Aber die Mistluft ist viel mistlustiger!
Luftschlösser sind wie Seifenblasen
gehen mit dem Wind und blinken
platzen dann
mit PLOPP
dito!
mit mal einem großen dankeschön für immer-gern-leseglück in deinen blogs,
auch wenn da nix an kommentaren.
lausemädchen
Freu mich wie ein Osterei
(dass Du mich noch gefunden hast :-))
Werd' weiter berichten
aus der heim'ligen Welt.....
Das Osterei war für Koslowski,
bei Lausemädchen bedanke ich mich artig
mit einem Sträusschen Glücksklee :-))
Lieber archinaut,
wir haben deinen Text heute auf die Startseite gestellt. Vielen Dank für den schönen Beitrag.
Viele Grüße
Tessa
Liebe Tessa,
das freut mich,
schön wenn's gefällt.
Herzliche Grüße
archie
Der Bau von Luftschlössern kostet nichts.

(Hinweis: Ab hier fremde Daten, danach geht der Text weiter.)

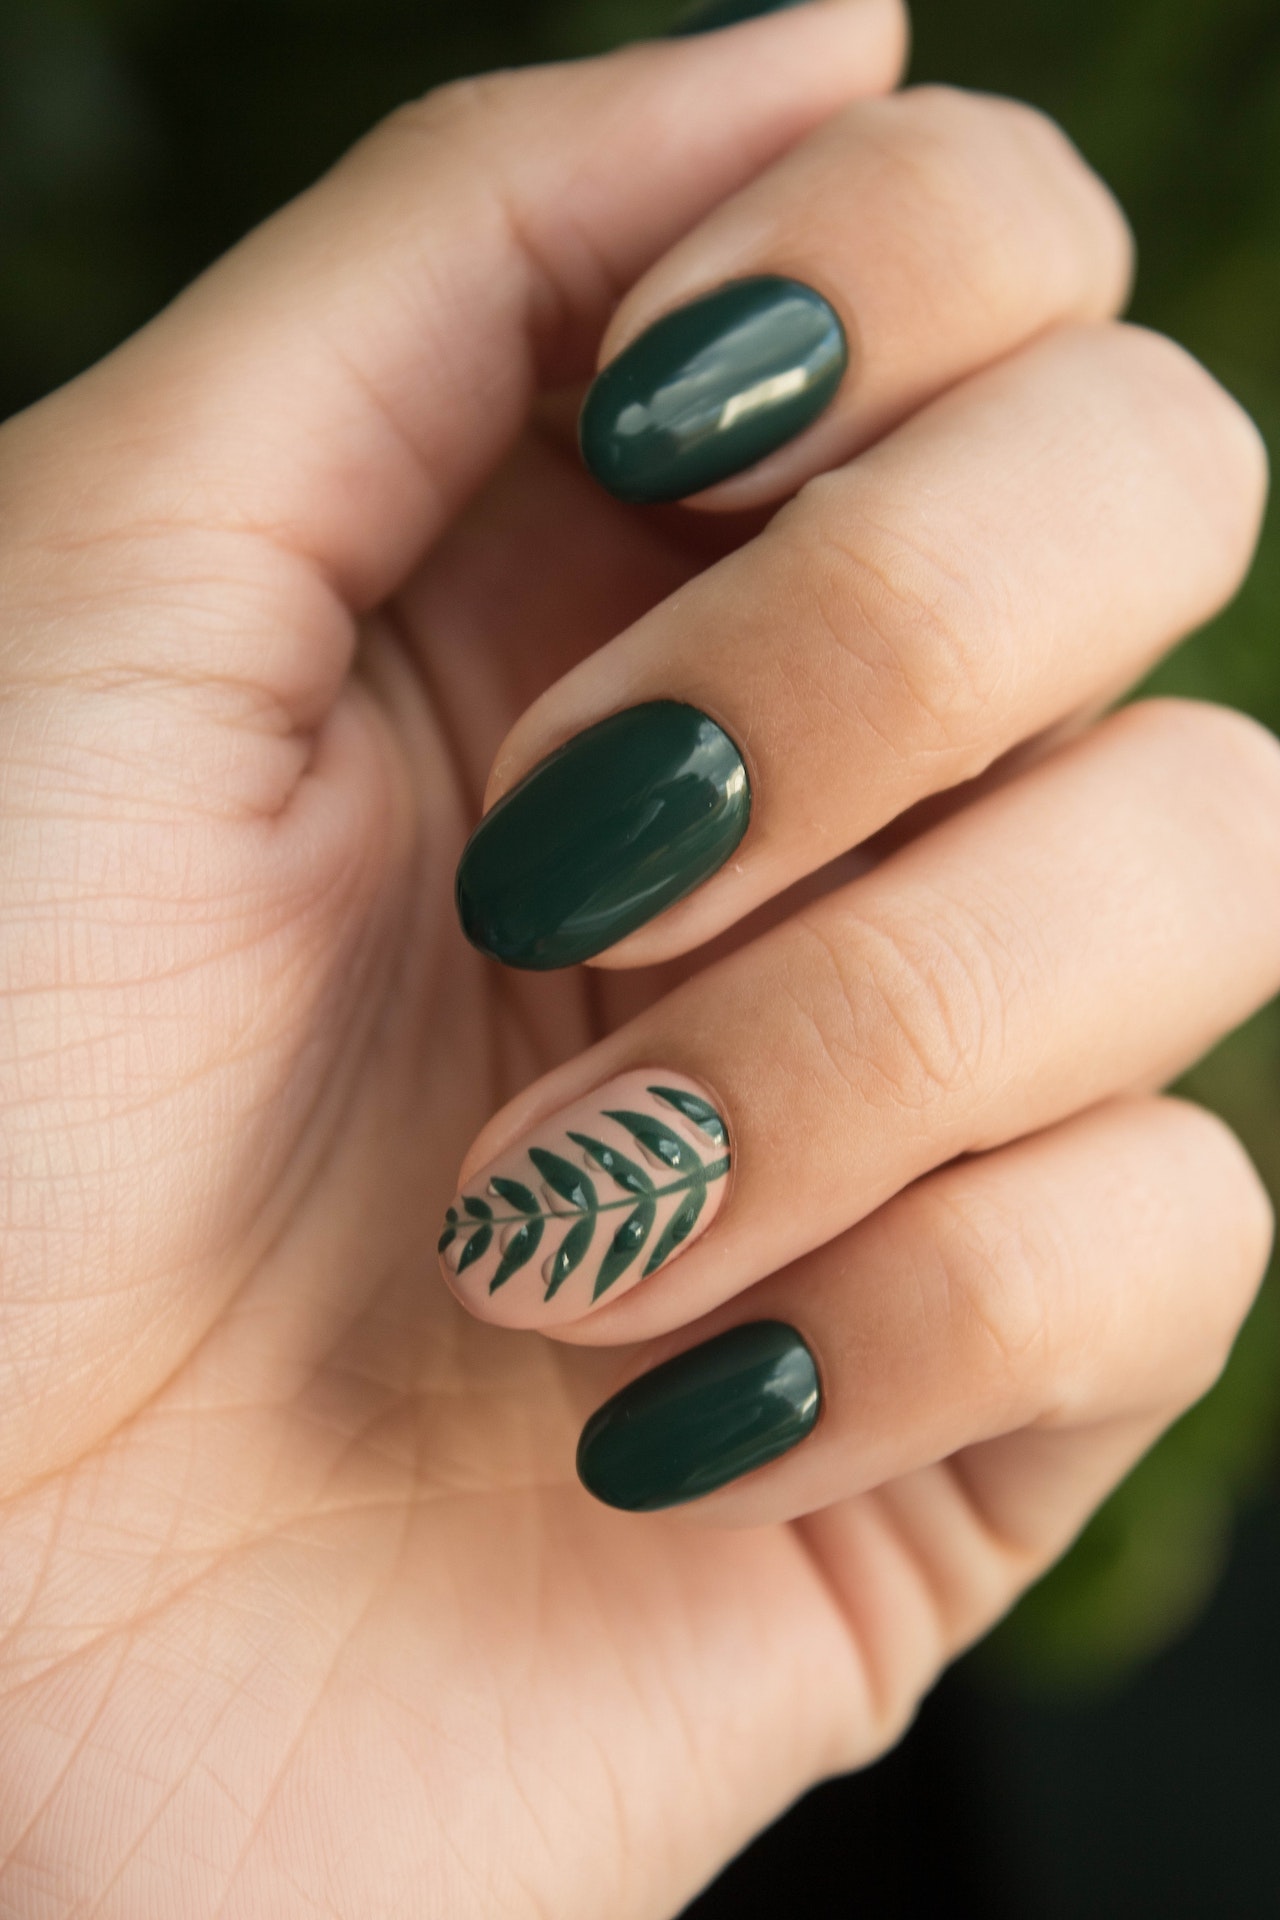 Tips and Tricks to Help You Stamp Nail Art Perfectly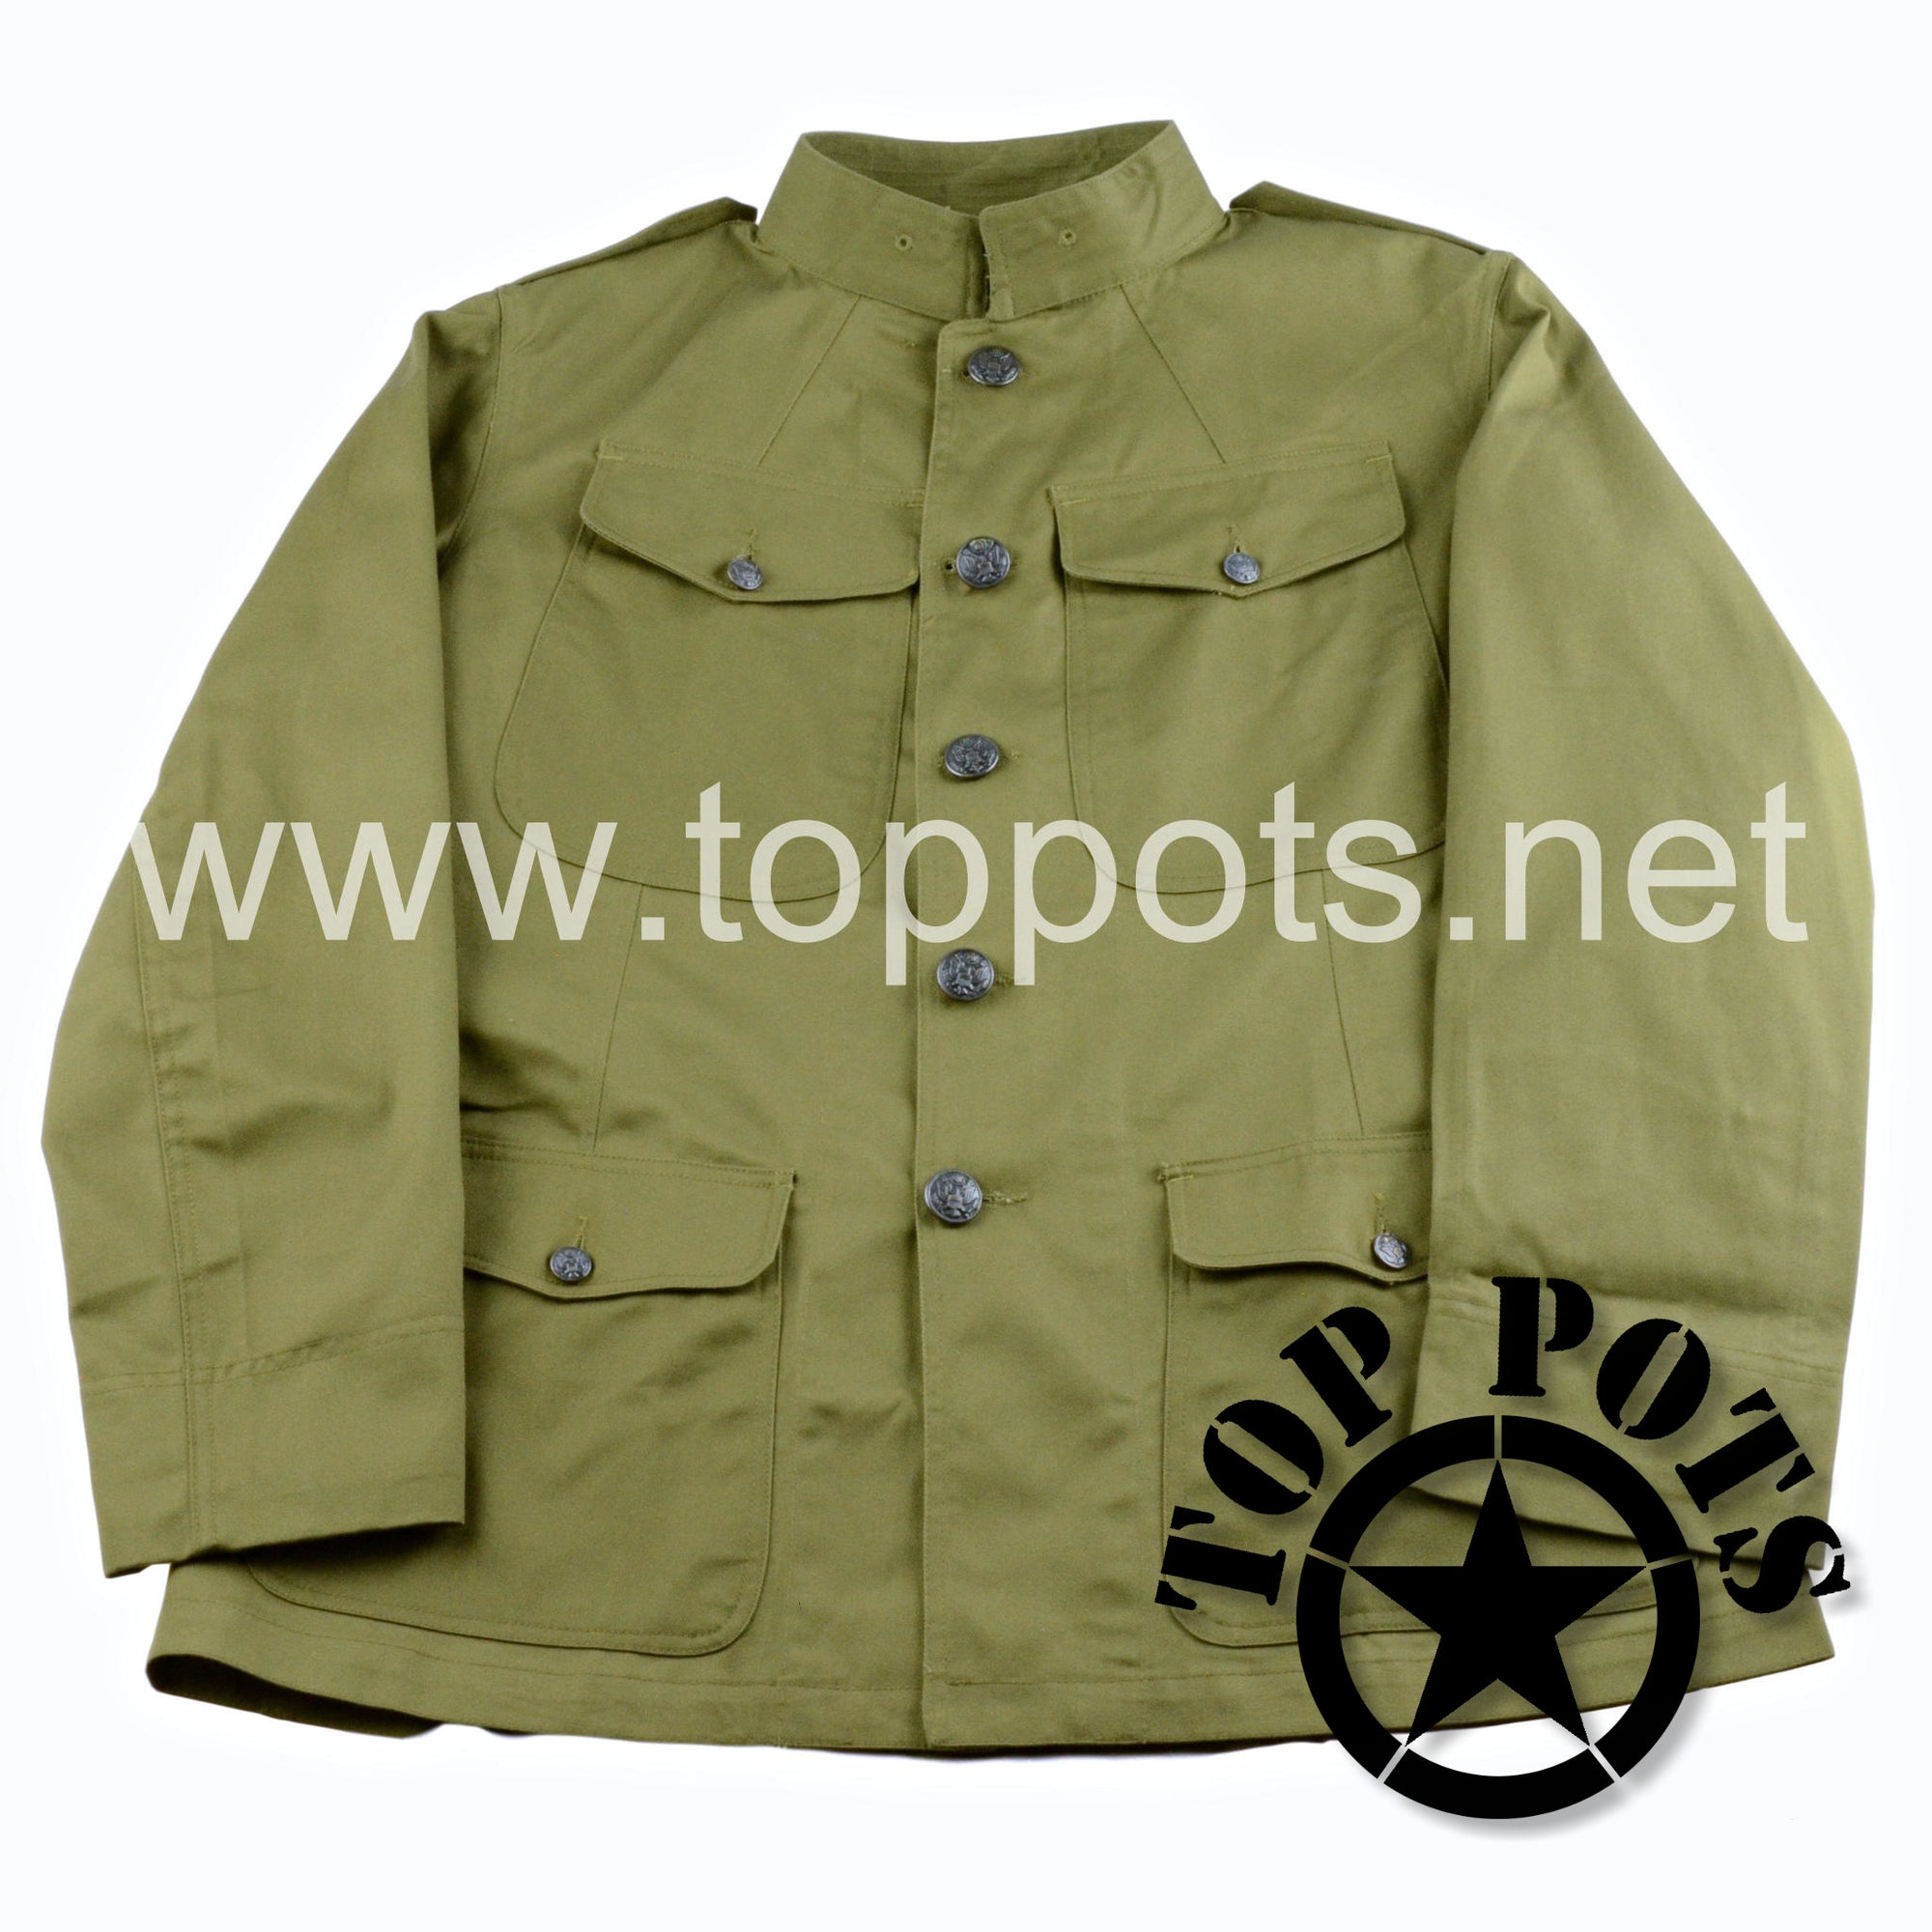 WWI US Army Reproduction American Doughboy M1912 Cotton Enlisted Summer Uniform Jacket and Pant Purchase (12 Sets)

Aber die Zerstörung ist sehr teuer.
Wie teuer manche Luftschlösser für Architekten sind, konnte man zum Beispiel am Wettbewerb zum Reichstag-Umbau für den deutschen Bundestag sehen:
Weit über 1.000 Arbeiten waren eingereicht, unter jeder Arbeit standen mindestens drei, aber oft auch über zehn Namen, Verfasser, Mitarbeiter, diverse Sonderfachleute, die Arbeitsstunden möchte man gar nicht zählen, die für den Wettbewerb von den Architekten "verschenkt" wurden.......... die vielköpfige Jury entschied, und später wurde der Architekt doch zur Umplanung des Siegerentwurfs gezwungen - die Geschichte der gläsernen Kuppel ist ja bestimmt bekannt.
Luftschlösser? Lustschlösser? Lastschlösser? Schusslöcher? Schlusslichter? Irrlichter?